## WORK TASK
In the entries below, find the line containing "Nike Brasilia Small Duffel Bag SKU:8800603" and the line containing "Nilfisk-ALTO manual Information". Copy those two lines and everything between them exactly, and only that.

--- SUPPLIED ENTRIES Enclosed Below ---

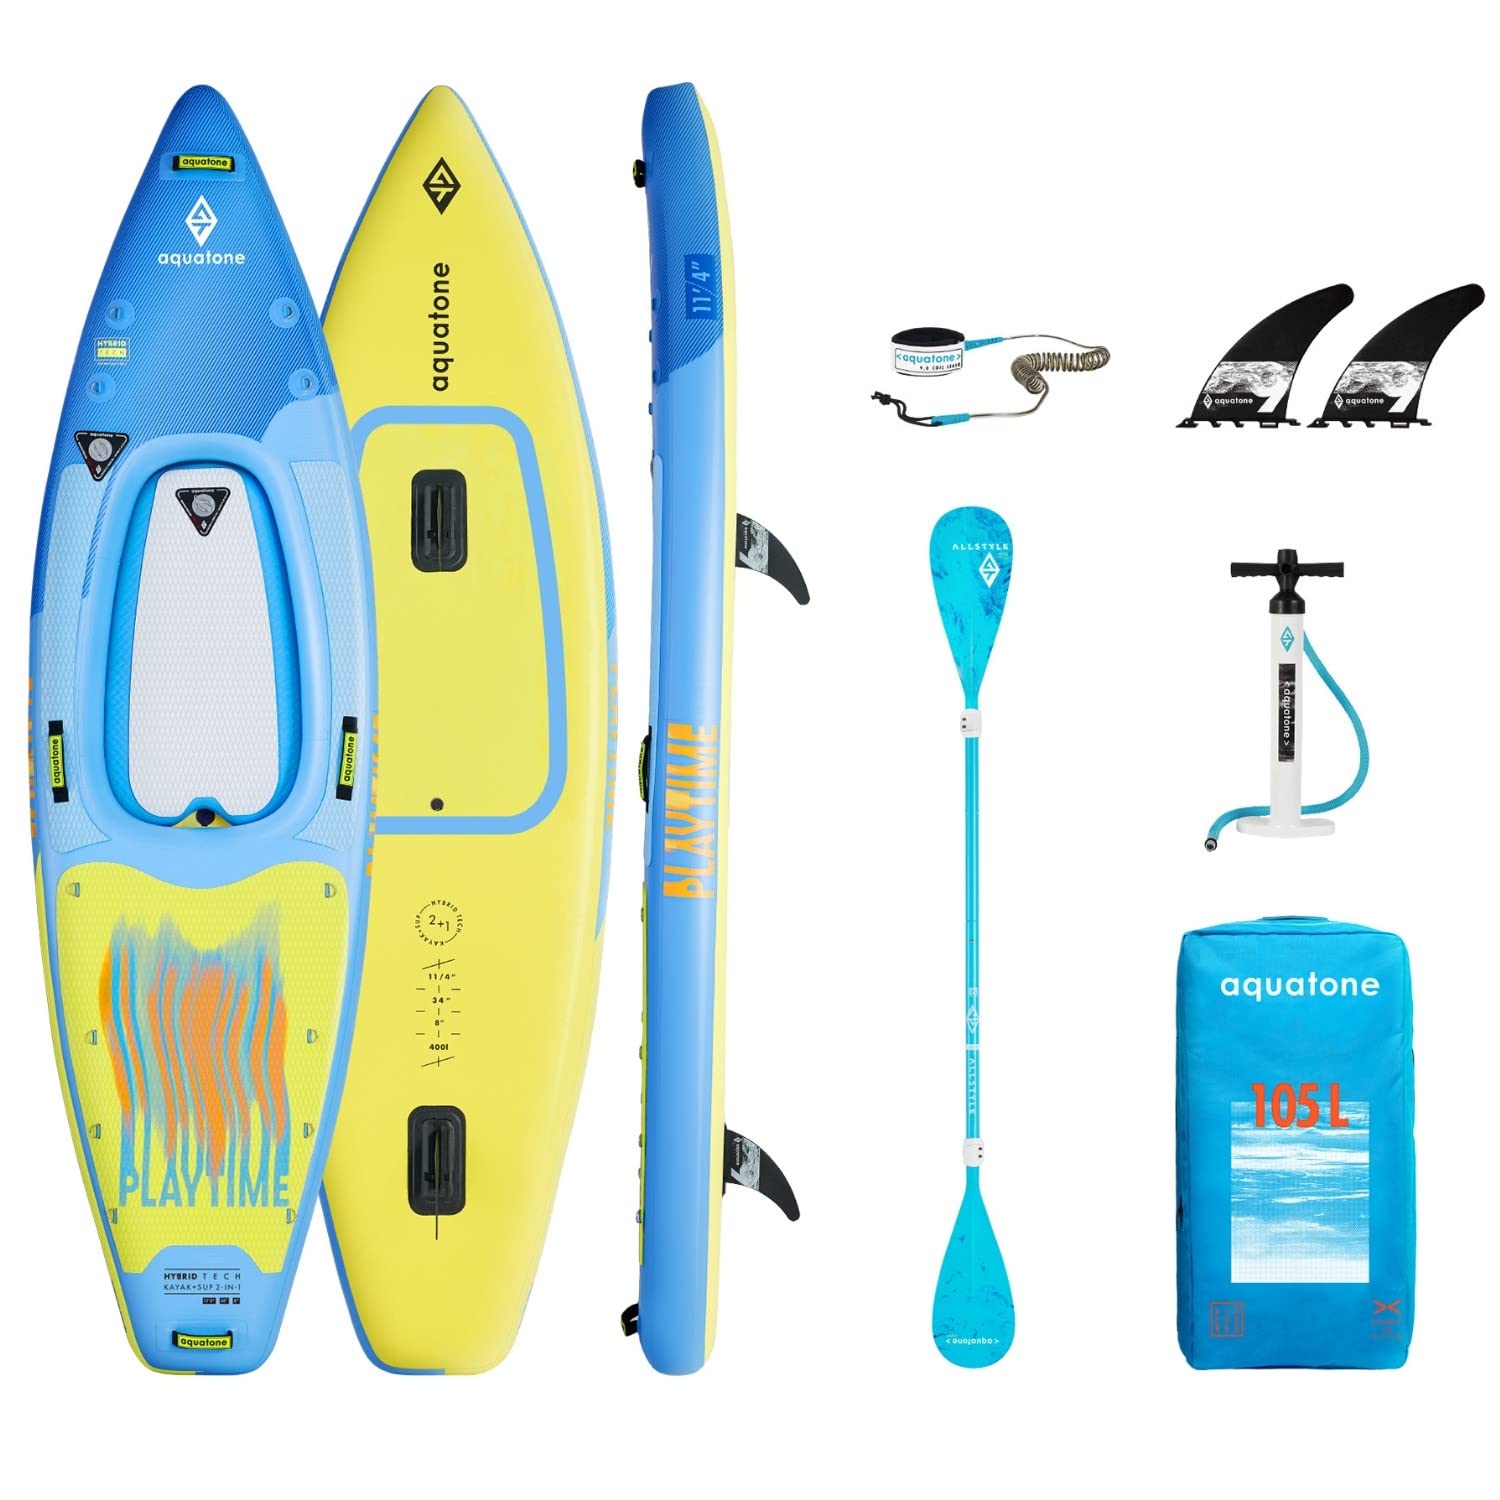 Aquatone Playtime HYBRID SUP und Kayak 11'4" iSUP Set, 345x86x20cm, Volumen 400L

--- End of Enclosed SUPPLIED ENTRIES ---
--- SUPPLIED ENTRIES Enclosed Below ---

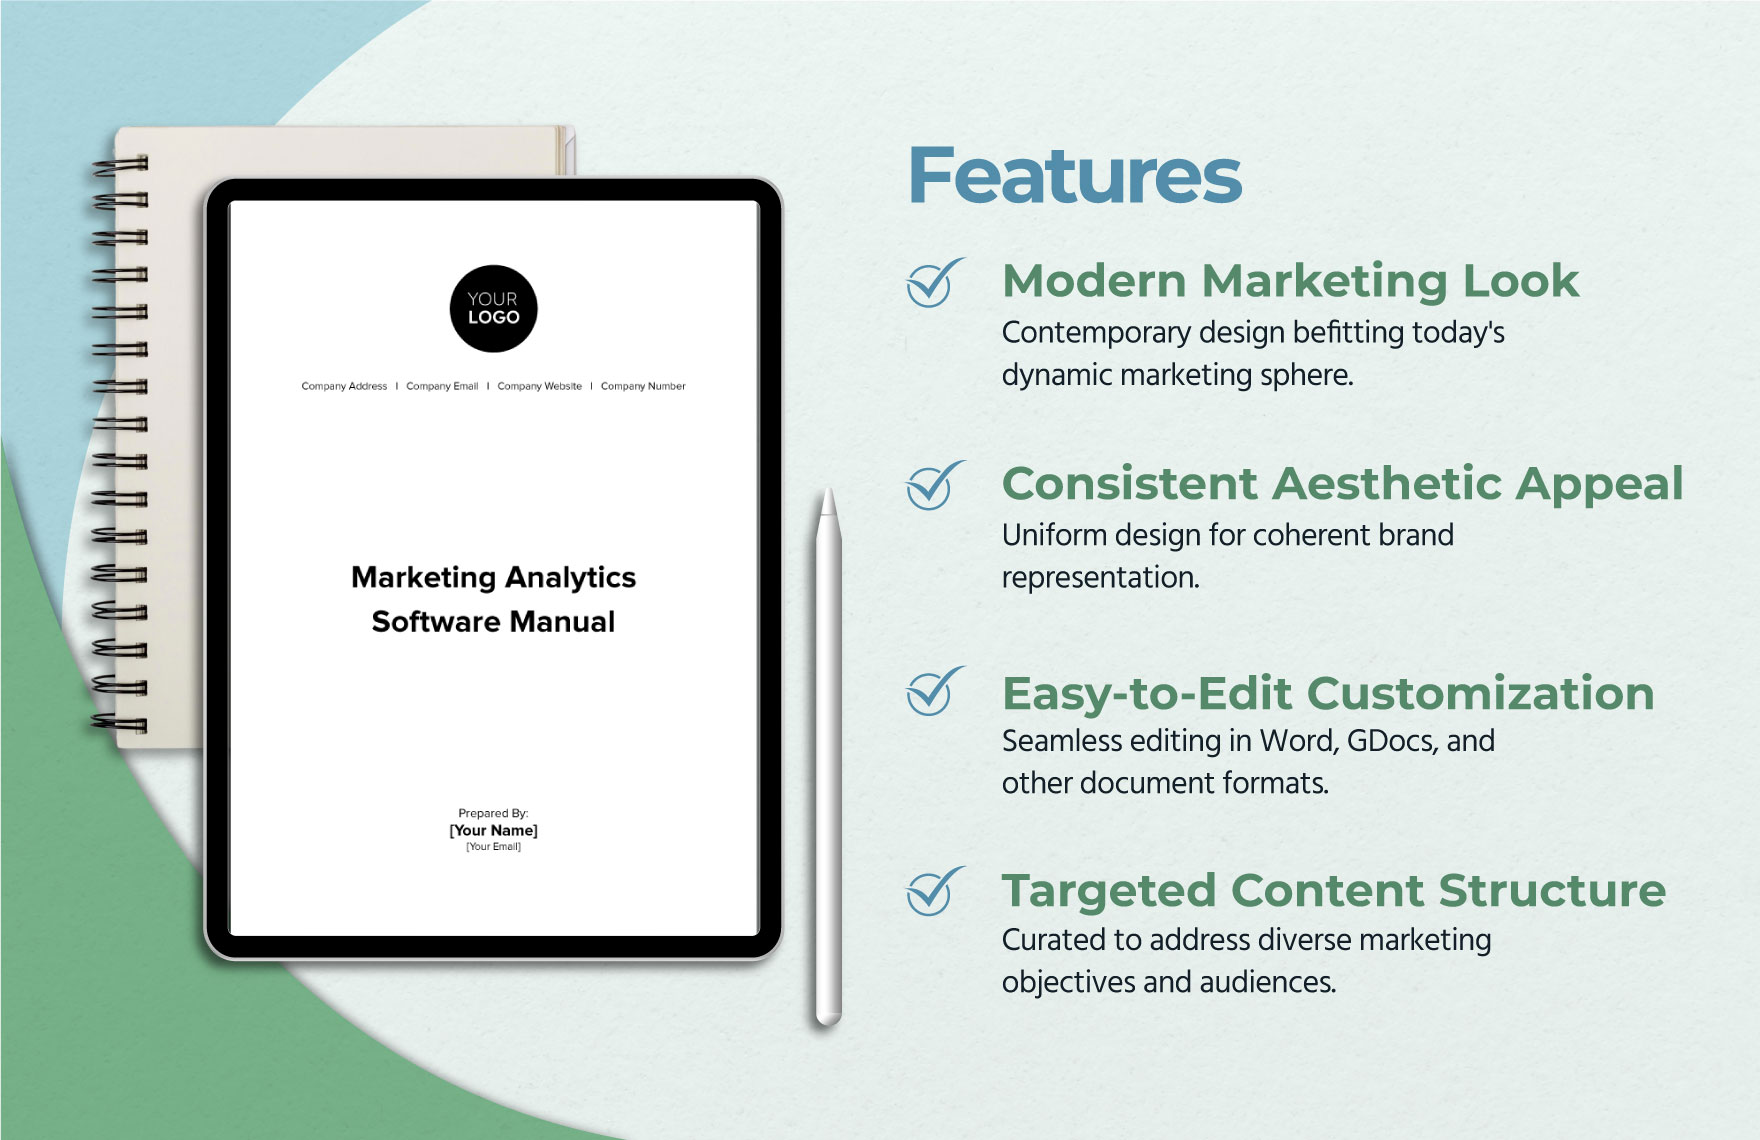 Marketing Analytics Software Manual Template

--- End of Enclosed SUPPLIED ENTRIES ---
--- SUPPLIED ENTRIES Enclosed Below ---

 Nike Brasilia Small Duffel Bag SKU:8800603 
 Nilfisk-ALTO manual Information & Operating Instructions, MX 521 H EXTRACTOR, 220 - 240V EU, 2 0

--- End of Enclosed SUPPLIED ENTRIES ---

## SOLUTION TO THE EXERCISE
 Nike Brasilia Small Duffel Bag SKU:8800603 
 Nilfisk-ALTO manual Information & Operating Instructions, MX 521 H EXTRACTOR, 220 - 240V EU, 2 0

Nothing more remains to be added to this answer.